The self-driving car simulations Ching builds look very similar to the free and open-source Voyage Deepdrive simulator above, which also utilizes Unreal Engine 4.

“When you first start building these simulations, it really does feel a lot like making a video game,” Ching says.  “You have pedestrians, objects, vehicles. You build out the world. You can have weather systems, and you’re making different tasks for the car to do.” Ching’s simulations typically come in two flavors. The first kind replicates actual traffic data gathered from old road tests. “We will replay the data as a simulation and see, after we change some code, does the vehicle respond to the situation differently?” The second kind are hypothetical events Ching generates himself, often used to test vehicle responses to particularly dire situations. “Those are more useful for very extreme scenarios you don’t get from real life road tests — scenarios you don’t want from real life road tests,” Ching says.

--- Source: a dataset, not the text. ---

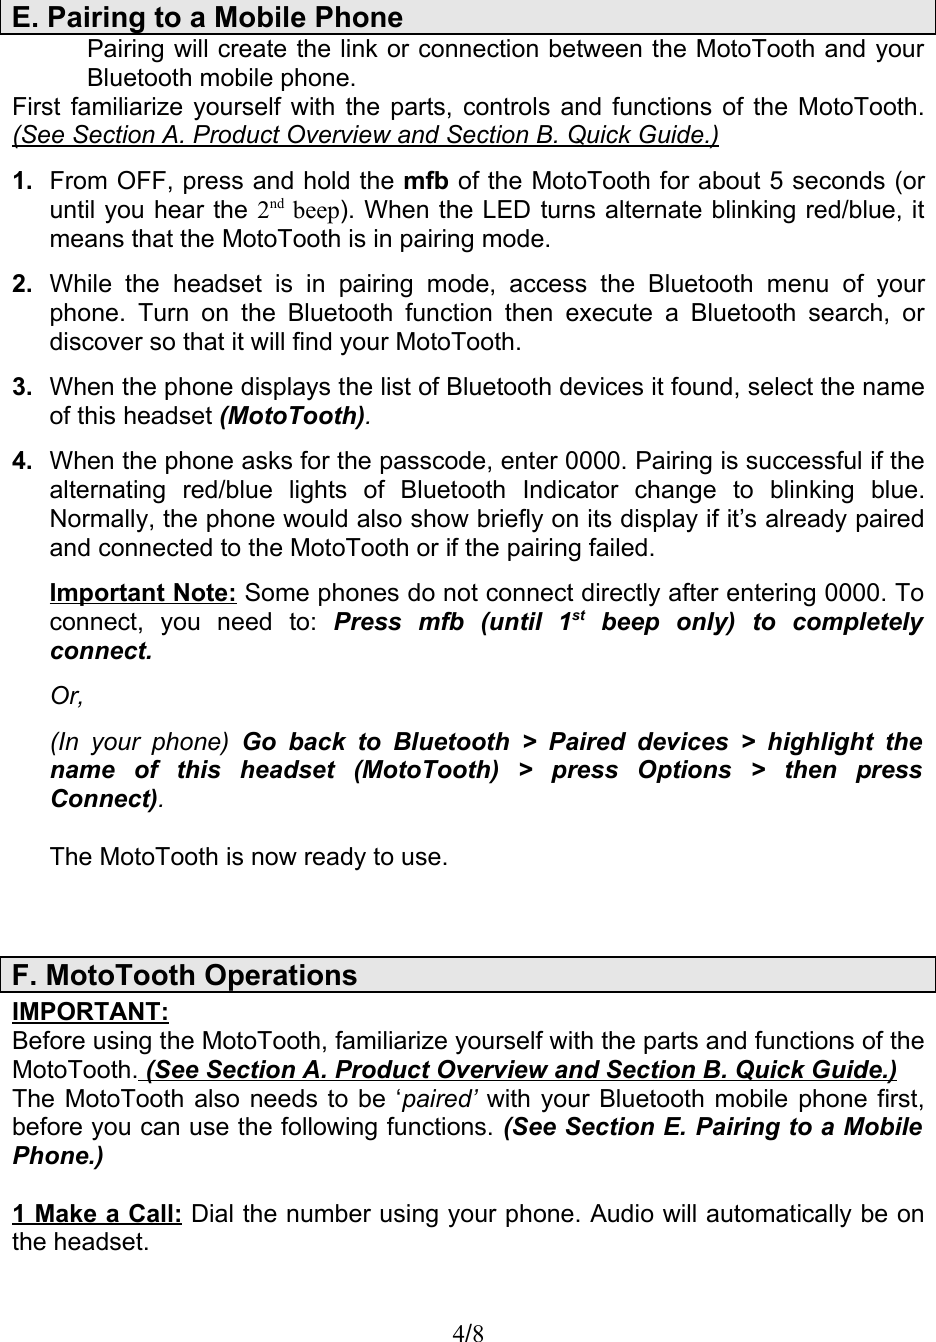 Pairing will create the link or connection between the MotoTooth and your Bluetooth mobile phone.First familiarize yourself with the parts, controls and functions of the MotoTooth. (See Section A. Product Overview and Section B. Quick Guide.)1. From OFF, press and hold the mfb of the MotoTooth for about 5 seconds (or until you hear the 2nd beep). When the LED turns alternate blinking red/blue, it means that the MotoTooth is in pairing mode.2. While   the   headset  is  in  pairing  mode,  access  the  Bluetooth  menu  of   your phone. Turn on the Bluetooth function then  execute a Bluetooth search, or discover so that it will find your MotoTooth. 3. When the phone displays the list of Bluetooth devices it found, select the name of this headset (MotoTooth).4. When the phone asks for the passcode, enter 0000. Pairing is successful if the alternating   red/blue   lights   of   Bluetooth   Indicator   change   to   blinking   blue. Normally, the phone would also show briefly on its display if it’s already paired and connected to the MotoTooth or if the pairing failed. Important Note: Some phones do not connect directly after entering 0000. To connect,   you   need   to: Press   mfb   (until   1st  beep   only)   to   completely connect. Or,(In your  phone)  Go back to  Bluetooth &gt; Paired  devices  &gt; highlight the name   of   this   headset   (MotoTooth)   &gt;   press   Options   &gt;   then   press  Connect).              The MotoTooth is now ready to use.IMPORTANT:Before using the MotoTooth, familiarize yourself with the parts and functions of the MotoTooth.   (See Section A. Product Overview and Section B. Quick Guide.)  The MotoTooth also needs to be ‘paired’  with your Bluetooth mobile phone first, before you can use the following functions. (See Section E. Pairing to a Mobile  Phone.)1 Make a Call: Dial the number using your phone. Audio will automatically be on the headset.4/8E. Pairing to a Mobile PhoneF. MotoTooth Operations

At the first self-driving vehicle company he worked for, Ching put together all the simulations in the Unreal Engine — but the similarities to building a video game usually stopped after the initial setup. “When you think about how these are actually being utilized, the company wants as much data as possible. So you’re always thinking about, how can I run more scenarios? Can I get 100, maybe 1,000 simulations running at the same time? How do I do gather the statistics from them all? That’s something you don’t think about at a game studio,” Ching says. When running simulations to improve the car’s camera sensors in particular, Ching’s simulations tend to look the most like a video game. “If you want to simulate and test the cameras, you’re trying to make the render result as close as possible to what a real-world camera would see,” Ching explains. “Of course Unreal 4 has great graphics, but it’s hard to get it as close as it is with real world cameras!”

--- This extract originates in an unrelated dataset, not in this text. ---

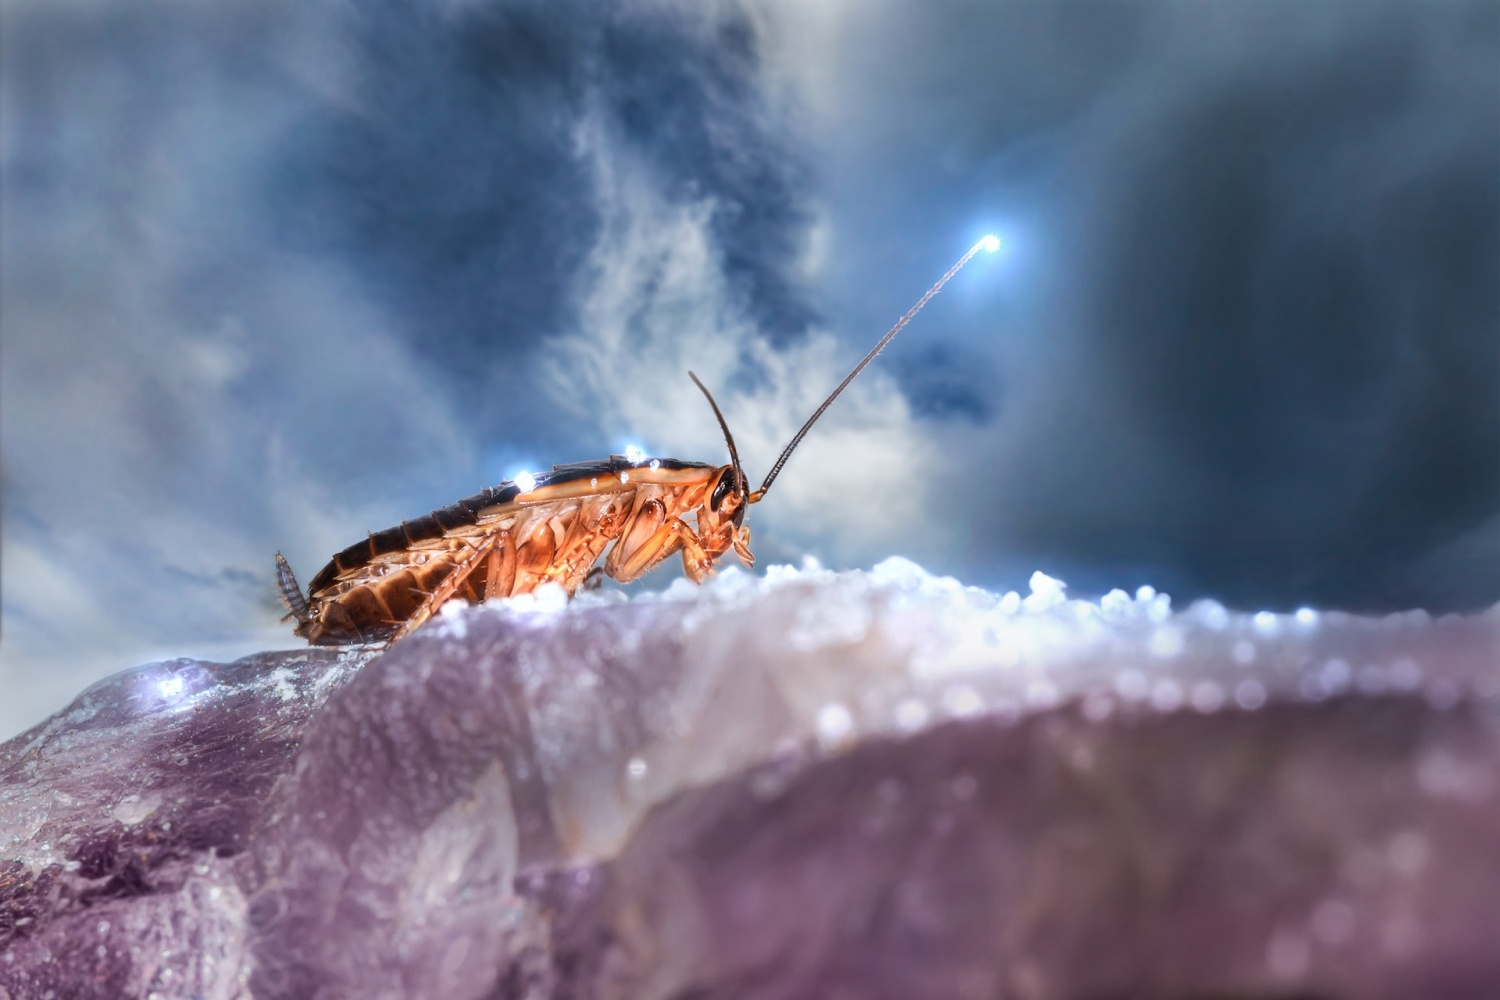 Robot Laser Programmed to Zap Cockroaches Over a Meter Away: The Ultimate Pest Control?

Given the amount of polish and time required to achieve that level of graphic fidelity, running thousands of simultaneous camera sensor simulations isn’t feasible. Instead, Ching’s simulations often graphically recreate what’s called LIDAR, or Light Detection and Ranging. One of self-driving vehicles’ other key systems for remote sensing beyond cameras, LIDAR is essentially a 3D laser scan the car takes by rapidly emitting and bouncing light beams off the environment. “Usually there are 100,000 beams every 0.1 seconds,” Ching says. “So for that part, I use my graphics knowledge to simulate the car’s LIDAR view in real-time.” The data generated by Ching’s simulations is collected in real-time too — another huge benefit over real-life road tests, which require long data upload times after the fact.

Recreating autonomous cars’ LIDAR view isn’t as graphically intense as recreating their camera view, allowing Ching to run more simulations in less time.

The first company Ching worked at made a splash in 2020 by debuting China’s first public fleet of driverless taxis in Shenzen. Early this year, they followed it up by earning a permit from the state of California to start testing their driverless vehicles in parts of San Jose. “The project here had been running for over a year just to get that permit,” Ching says. “It basically just takes lots of tests and simulations to get to that point!” While Ching recently left the company to join a separate autonomous car company – also based in San Jose – his work still largely looks the same. “The big difference is that the new company has their own simulation program based on C++, so I don’t work in Unreal anymore,” Ching says. “But I’m still building out these scenarios and scenes to help our engineers check out this data more easily.”

When it comes to helping engineers utilize his simulations and tools easily, Ching says his DigiPen education has played a huge role. “What DigiPen taught me is that if you want to make a really good game, really good tools, or really good software in general, the interaction and user interface is way more important than most engineers think,” Ching says. “Many software engineers I’ve encountered are solely pursuing performance and stability, but DigiPen taught me to always consider, ‘Is this feature going to be easy to use?’ It’s just like games — you want it to look good and feel good for the ‘player’ so they keep coming back.”